In 1970, he published a photo essay about the classical architecture of Official Baltimore’s Downtown buildings like City Hall. “Photographer Robert Kniesche is fascinated by the architectural detail of many of the old buildings in downtown Baltimore,” the accompanying article said.
Jul 07, 2016 @ 22:05:31
Yes Bob Kniesche was a great photographer. How about George, H. Cook’s photos. For example the racial riots in
Cambridge back in the 60’s… His photos of the Preakness….Hurricane coverage in ocean city n so. many more.
He had many prize winning photos.
Jul 06, 2016 @ 15:52:57
The ninth image showing the pediment at City Hall was originally designed to include a relief sculpture similar in style to the one shown on the pediment of St. Mary’s Seminary on the 10th image.

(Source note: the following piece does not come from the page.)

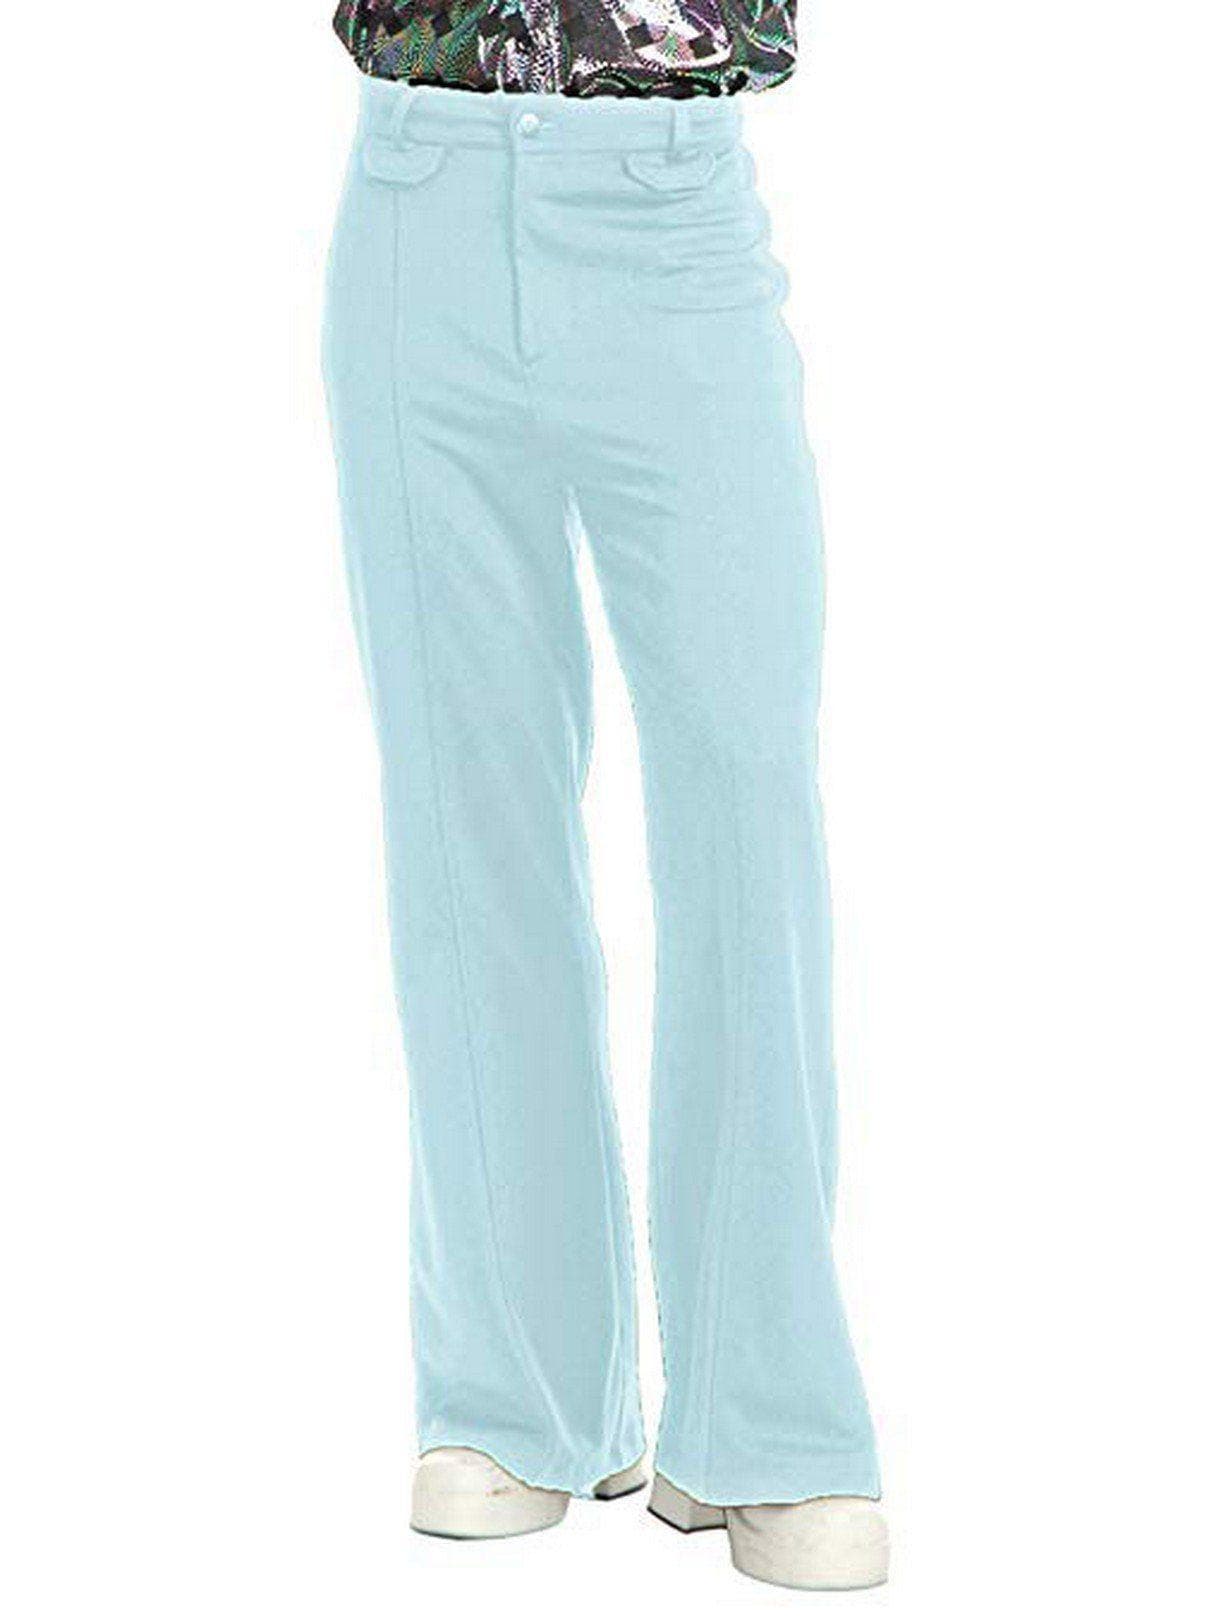 Adult Disco Pants Powder Blue Costume - costumes.com
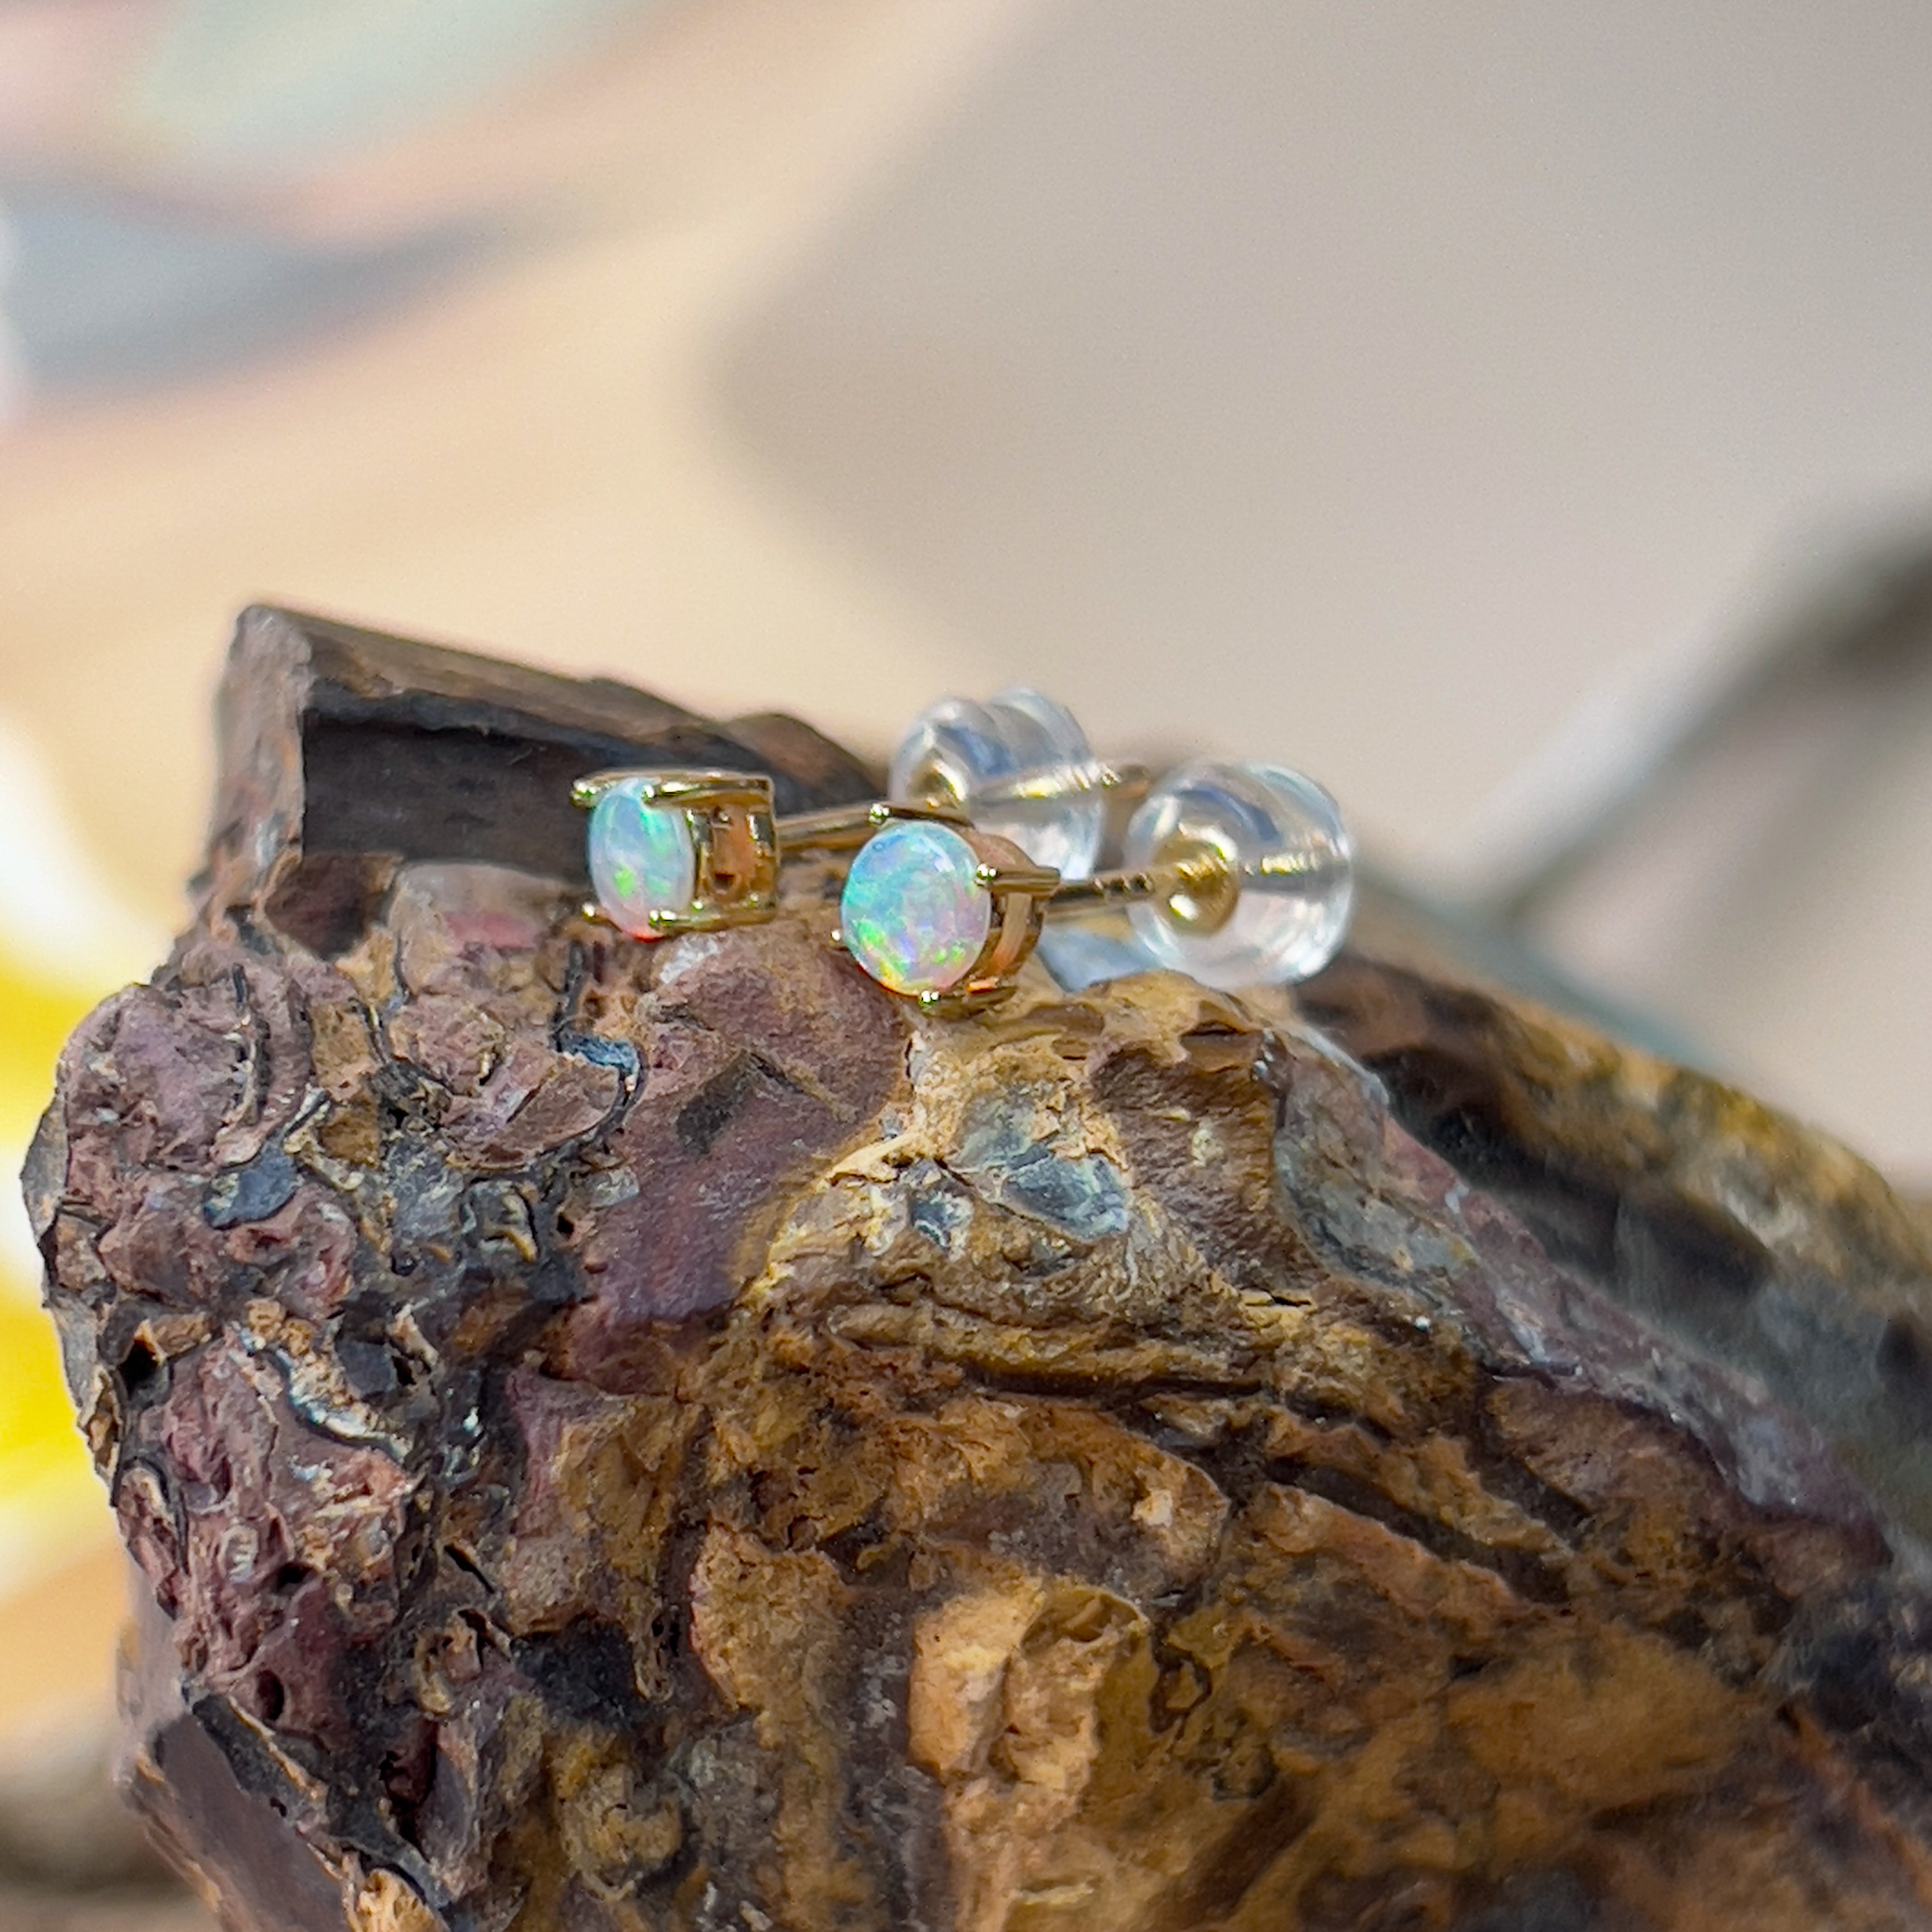 9kt Yellow Gold pair of 3.5mm Crystal Opal earrings studs - Masterpiece Jewellery Opal & Gems Sydney Australia | Online Shop

Here is an image showing the proposed design:
Jul 06, 2016 @ 15:48:54
The seventh image, graveyard cemetery, is now the Westminster Hall and Burying Grounds or historically the Old Western Burial Grounds where Poe is buried.
Jul 06, 2016 @ 15:46:12
The sixth image of the horses at the War Memorial building incorrectly calls them “winged horses.” They are more appropriately called Aquatic War Horses. The wings are from an osprey or eagle which are located between the front legs of each horse.
Jul 06, 2016 @ 15:35:15
The third image with no caption is the B&O Building at Charles Street and Baltimore Street.
Jul 06, 2016 @ 15:34:14
The second image with the caption:
May 27, 1965 – THIS IS BALTIMORE — Bay windows in the morning light. A type of architecture that has all but disappeared from the Baltimore scene. Photo by Robert F. Kniesche
is the Rochambeau Apartments that stood at Charles and Franklin streets before it was demolished by the Archdiocese.